El llamado “realismo sucio” rara vez me ha interesado. Carver y Bukowski son escritores de indudables méritos, pero tiendo a preferir narradores con un repertorio de asuntos y técnicas más rico: Joyce Carol Oates y Rusell Banks, entre los estadounidenses; Margaret Atwood y Robertson Davies, entre los canadienses. En mis relatos he rendido homenaje a algunos escritores norteamericanos para mí imprescindibles. En “Berlín 2001” de El hijo y la zorra, por ejemplo, sentí la necesidad de convertir a Tobias Wolff (equívocamente asociado al realismo sucio por algún crítico) en personaje de una de mis historias y la anécdota de uno de sus cuentos se ha convertido en parte de la vida de uno de mis personajes. Es decir, acabé fantaseando sobre cómo sería el resto de la vida de un personaje que en algún momento inspiró ficticiamente un cuento de Wolff. En ese mismo cuento se me metió, por decirlo de alguna manera, otro narrador norteamericano espléndido, André Dubus, y acabé transformándolo en personaje, aunque lo puse a vender autos y no a escribir. Así que sospecho que esas lecturas son ya parte de mis vivencias y de mi imaginación.

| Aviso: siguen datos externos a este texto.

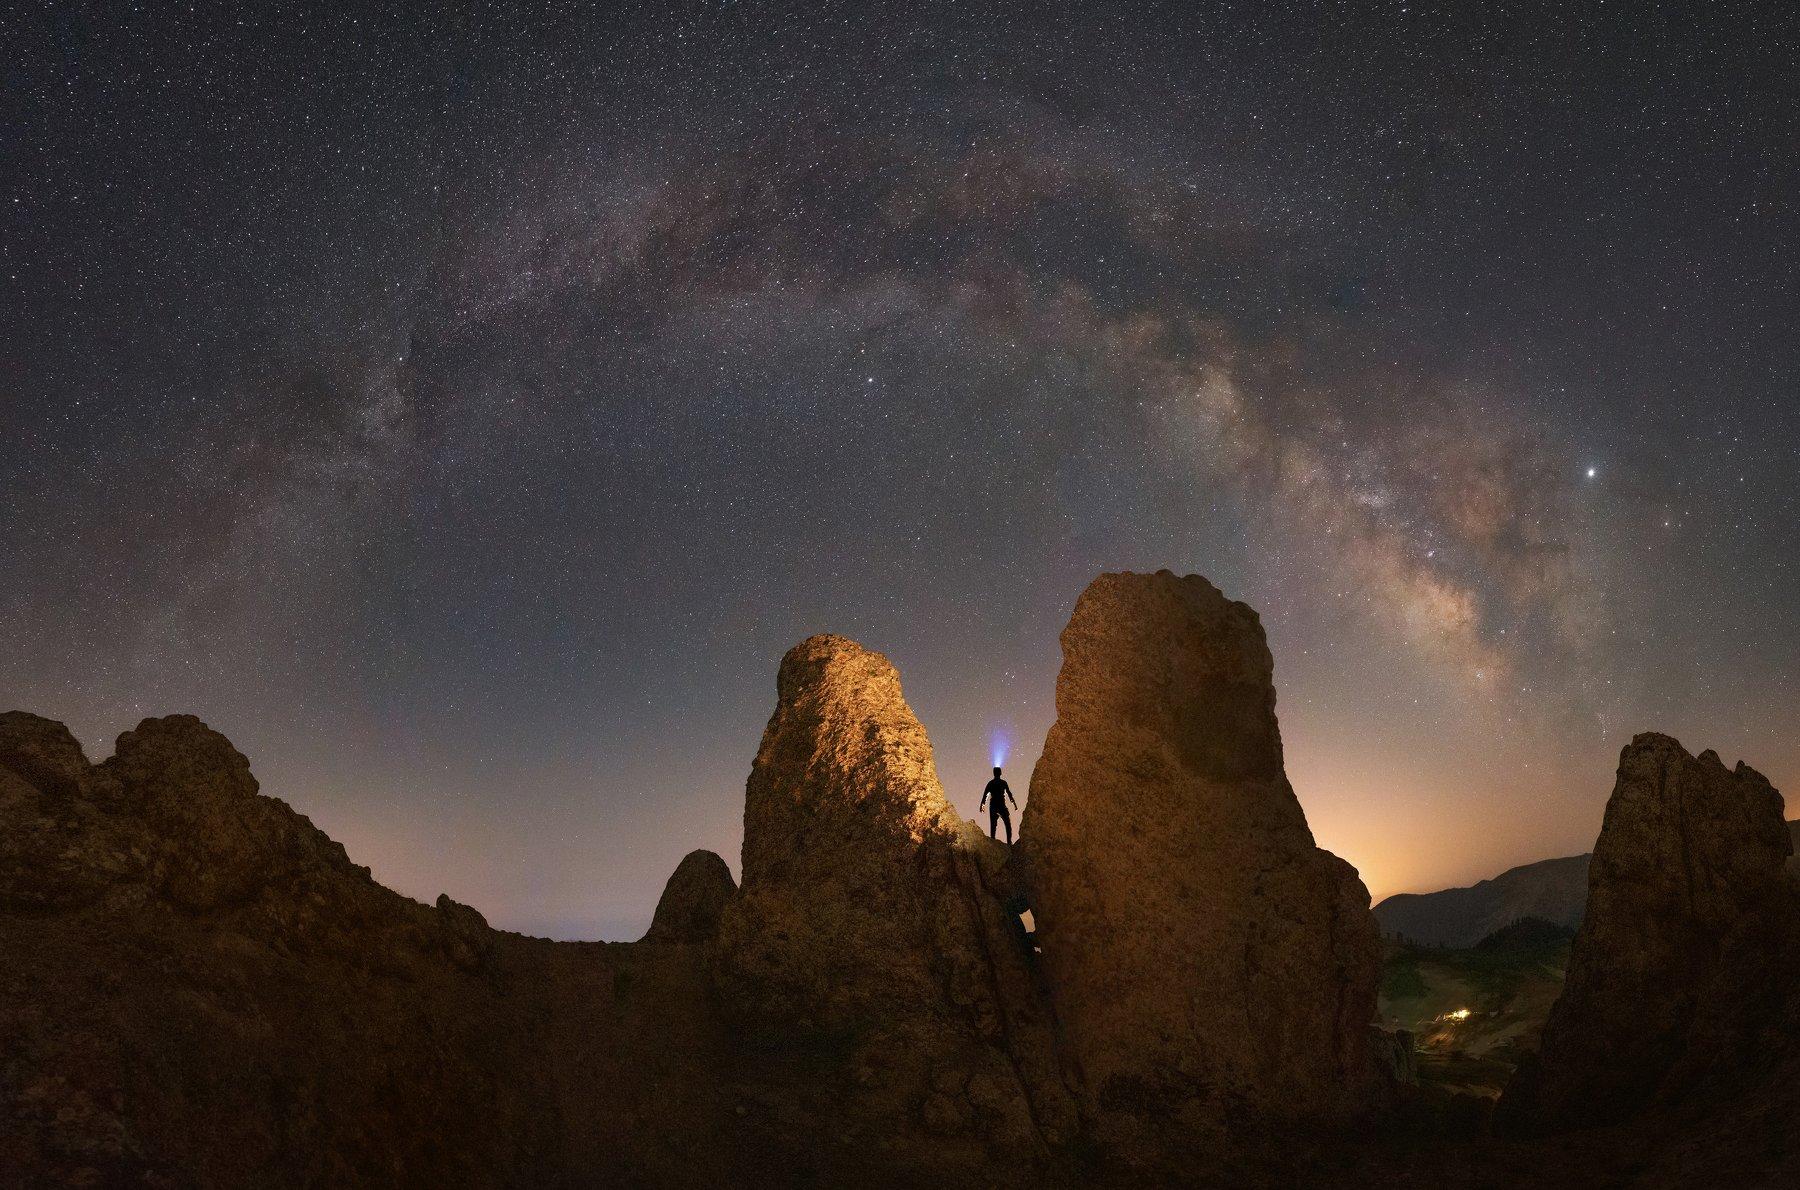 nightscape milkyway panorama, Mirsadeghi Pedram

Óscar Marcano ha afirmado en más de una ocasión que la narrativa europea ha perdido la batalla ante los autores norteamericanos, por lo que nos conviene, a quienes deseamos escribir, centrar nuestra atención en lo que produce ese país. ¿Eres de la misma opinión? ¿Consideras que las generaciones de narradores venezolanos en gestación harían bien en fijarse más en los narradores norteamericanos que en los europeos?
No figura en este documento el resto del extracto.